Ideally, our protocol should be tested on numerous RDTs from the field that have been stored and transported at room temperature to ascertain whether the use of RDTs as a source of RNA for amplification is practically possible on a large scale. If temperature were to be a limiting factor, additional techniques, such as adding RNAlater to the RDTs after being read, could mitigate potential RNA degradation. In addition, the protocols need to be tested on the remaining three serotypes and on other RDT brands that may be used across the country.

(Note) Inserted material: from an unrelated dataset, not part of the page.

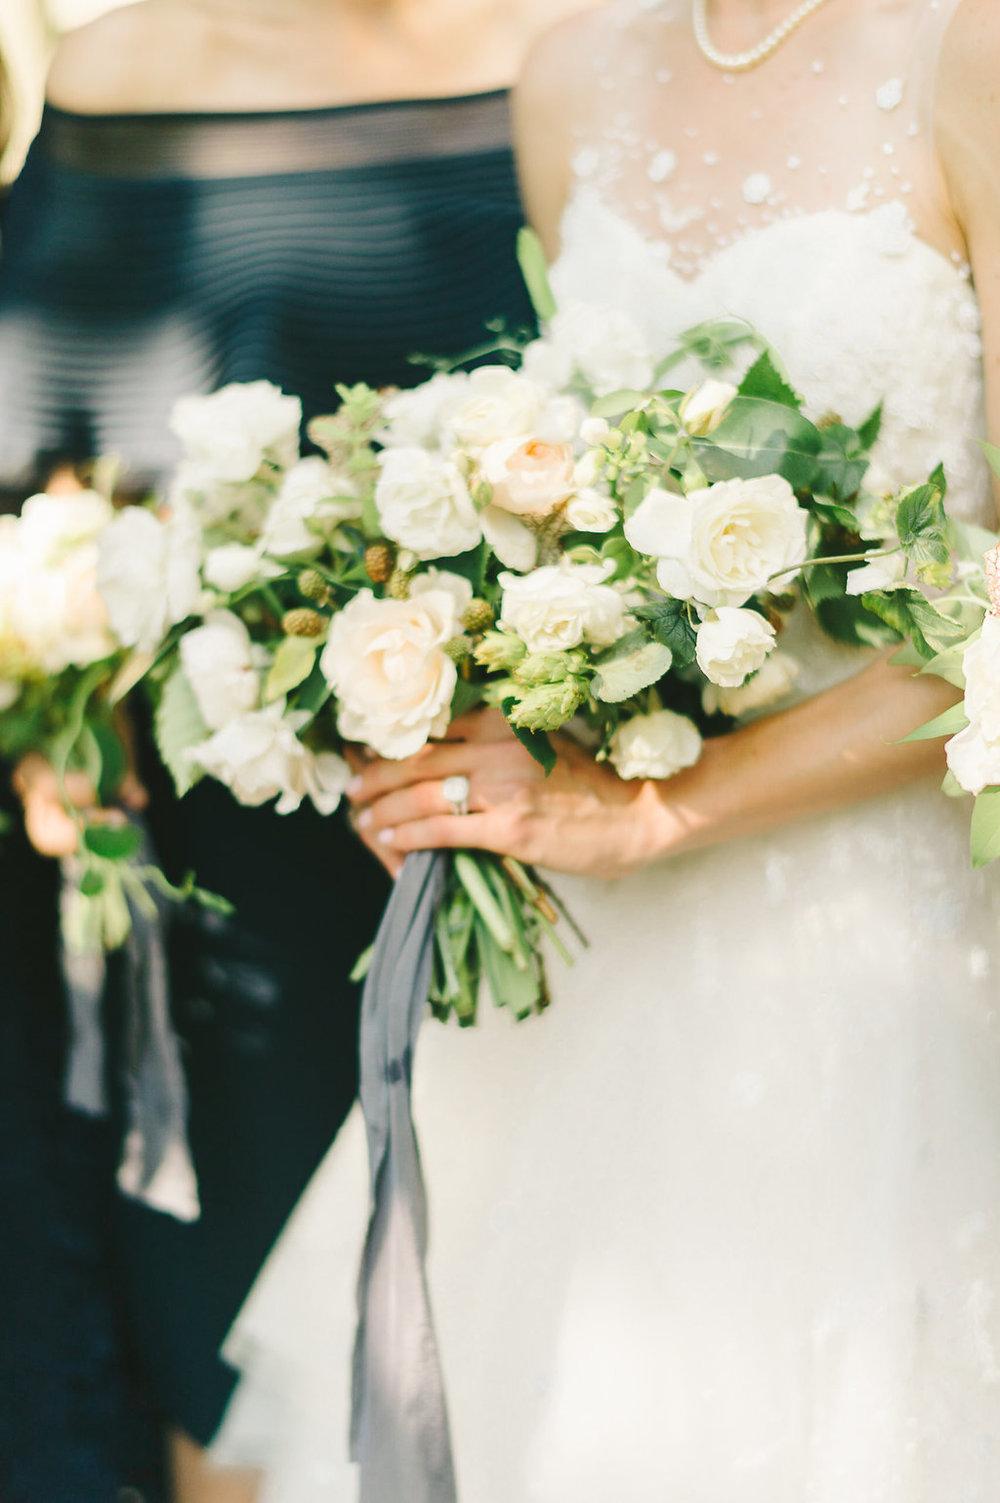 DC-Boutique-Wedding-Planner-Meridian-House-A-Griffin-Events-bouquet.jpg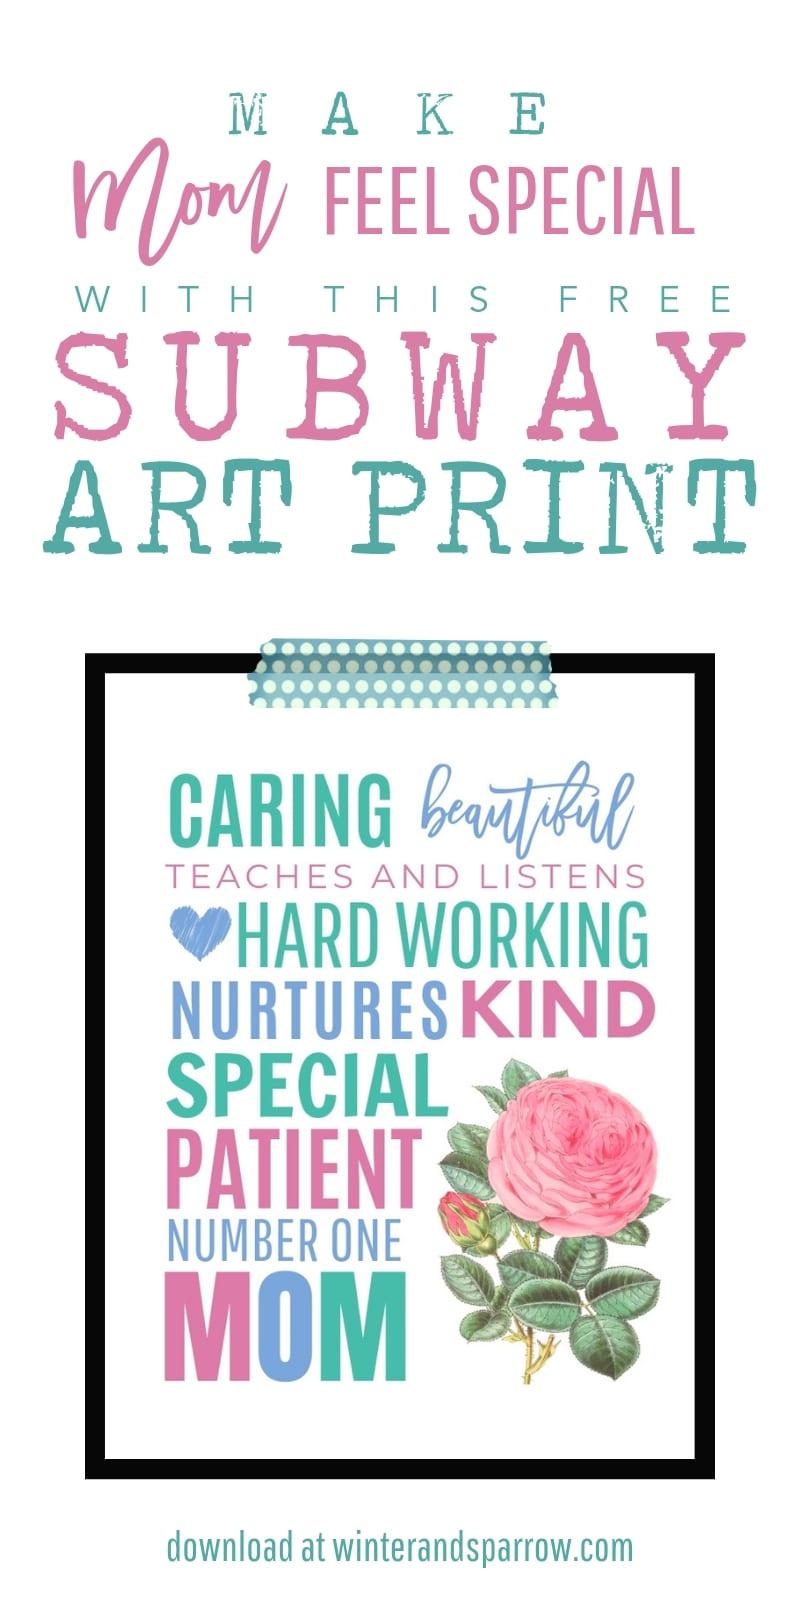 Free Mothers Day Printable: Give Mom A Framed Subway Art Print | winterandsparrow.com #subwayartprint #mothersdayprintable #mothersdaysubwayart #freemothersdayprintable

If the RT-PCR assay sensitivity were increased and the approach were more thoroughly tested on RDTs from the field, using RDTs for sample collection would enable access to more dengue epidemiological data, producing a more complete picture of the complex DENV strain dynamics in Laos.[5] This would likely improve the accuracy of outbreak forecasting at national and regional levels. Therefore, this proof-of-concept study showed that the use of RDTs as a source of RNA for DENV molecular epidemiology analyses is a promising tool that merits further investigation.